**EXERCISE DESCRIPTION:** What is needed is an exact copy of the whole listing below, with no pictures.

**RECORDED INFORMATION:**
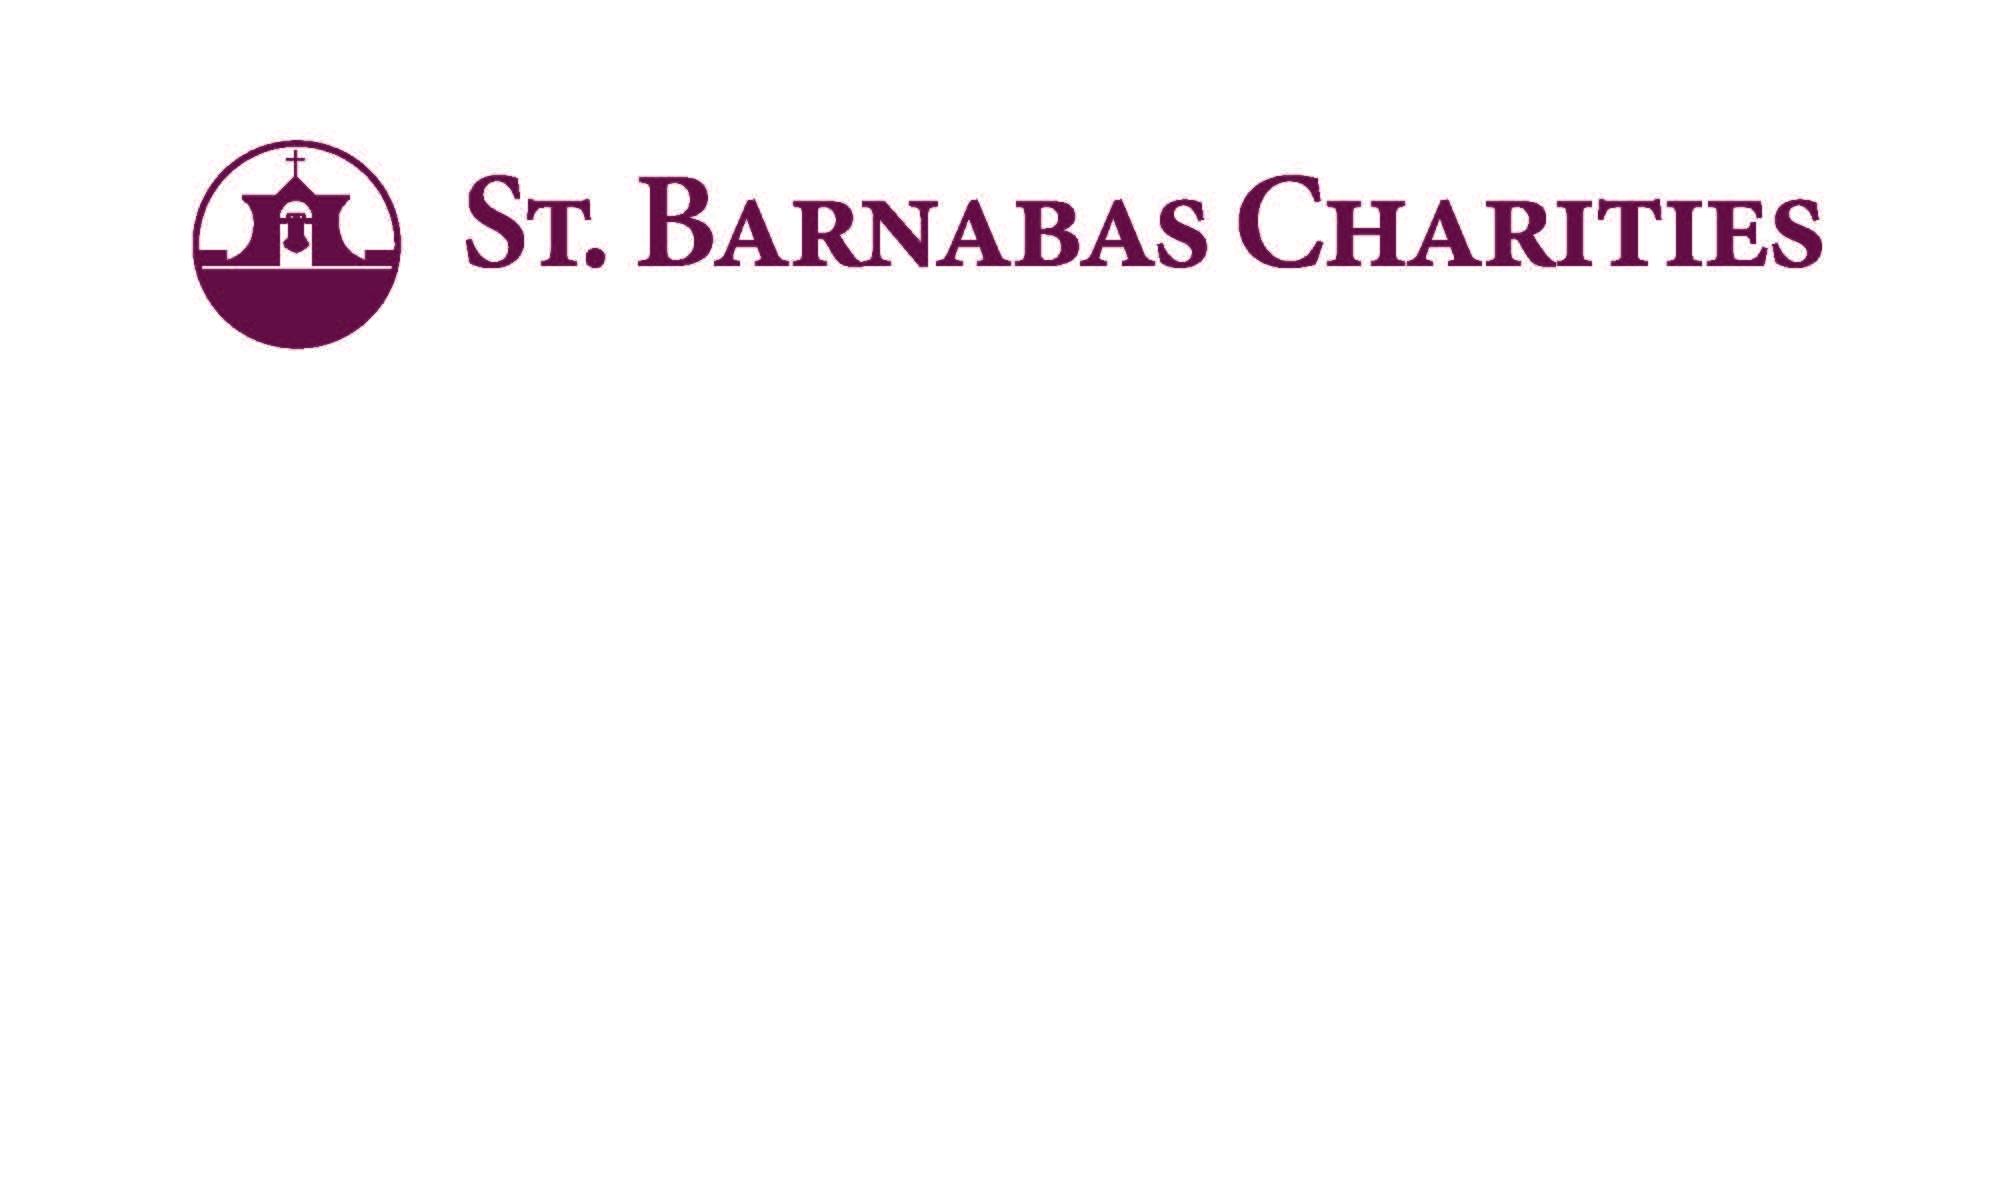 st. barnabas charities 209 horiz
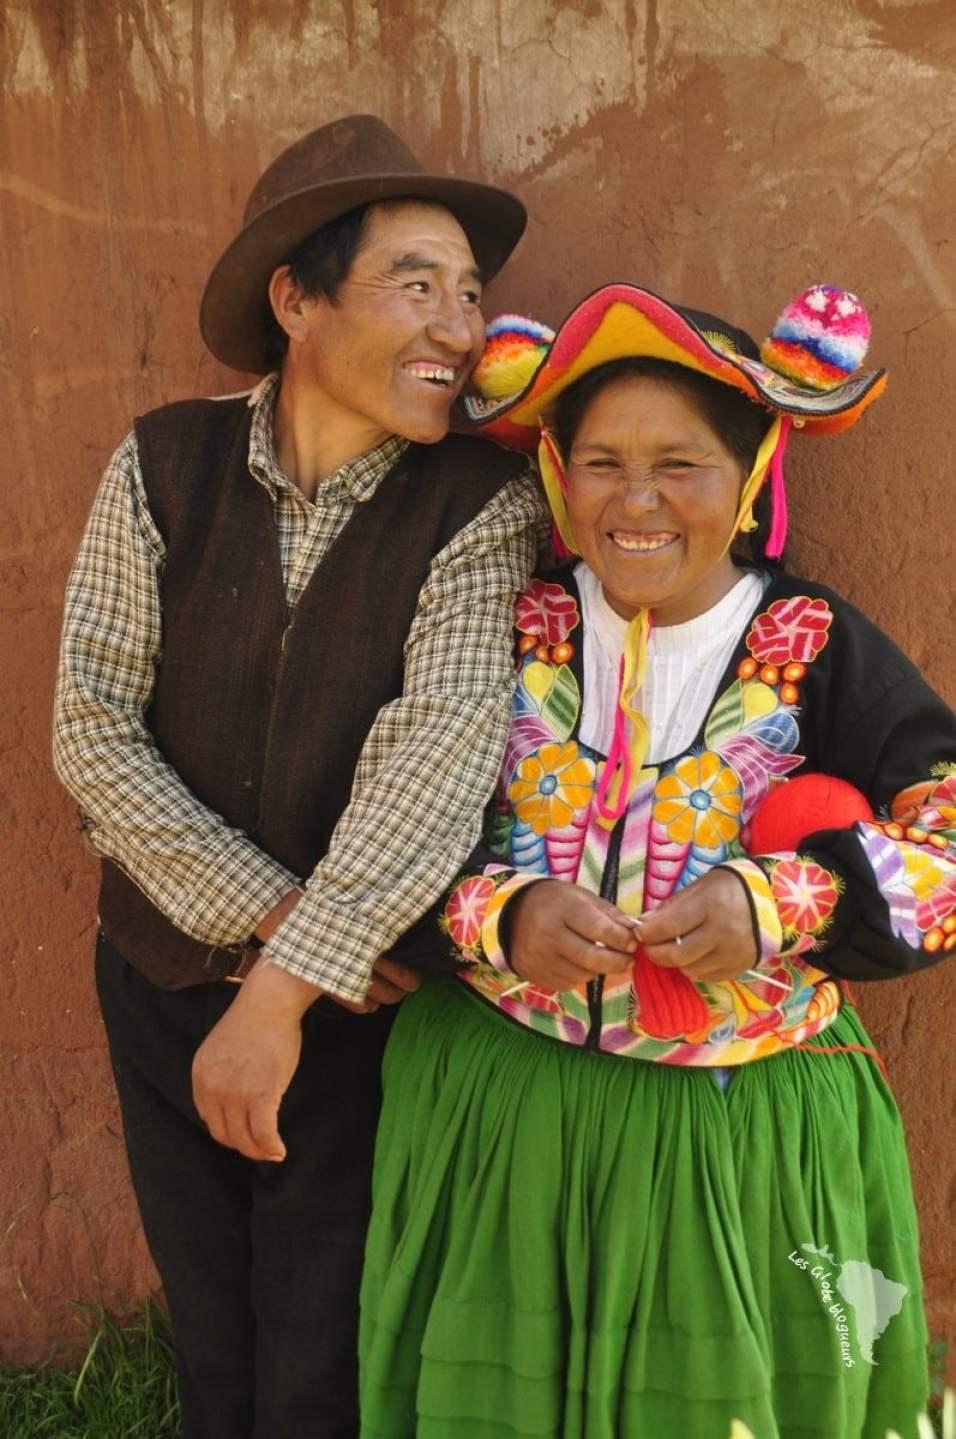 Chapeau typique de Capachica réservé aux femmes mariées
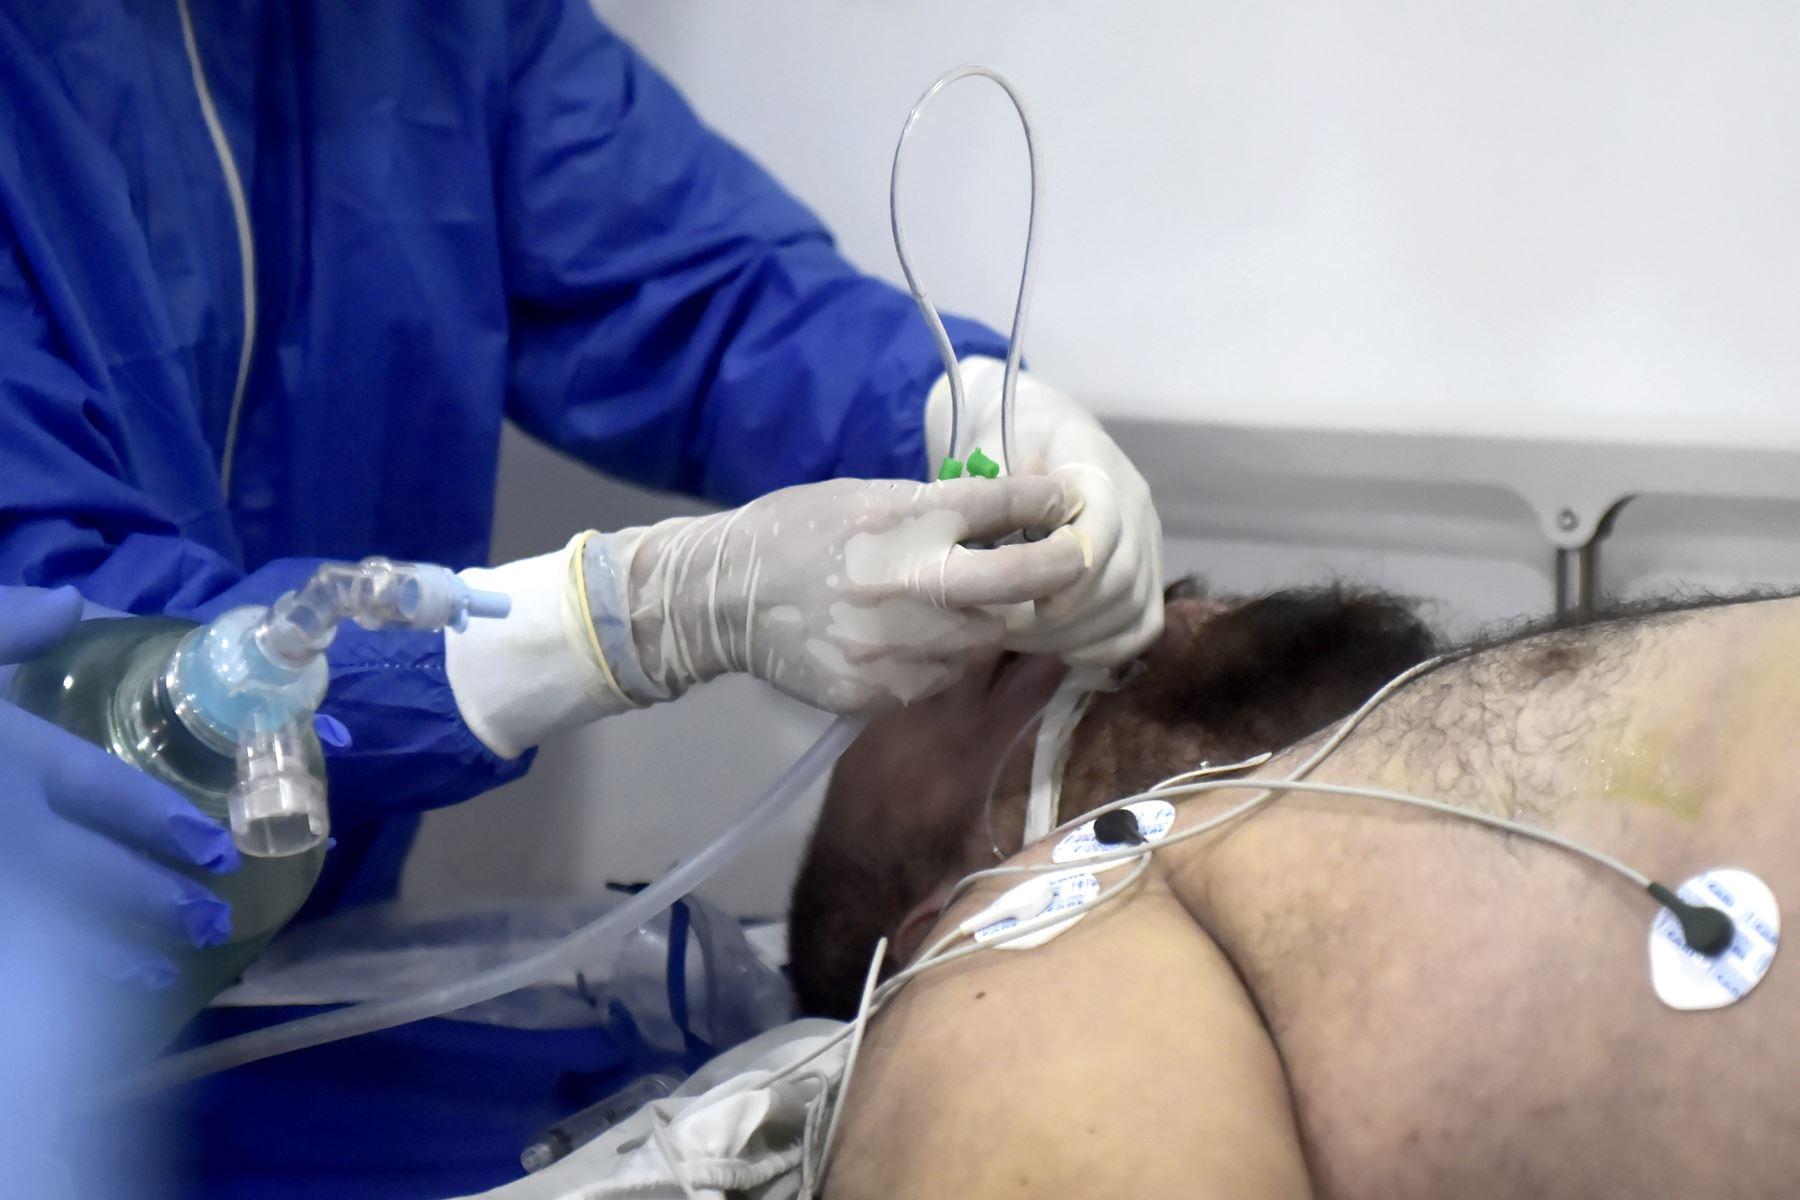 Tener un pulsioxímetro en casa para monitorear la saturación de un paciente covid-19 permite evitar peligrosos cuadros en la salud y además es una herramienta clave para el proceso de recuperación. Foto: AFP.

**OUTPUT OF THE TASK:**
 st. barnabas charities 209 horiz
 Chapeau typique de Capachica réservé aux femmes mariées
 Tener un pulsioxímetro en casa para monitorear la saturación de un paciente covid-19 permite evitar peligrosos cuadros en la salud y además es una herramienta clave para el proceso de recuperación. Foto: AFP.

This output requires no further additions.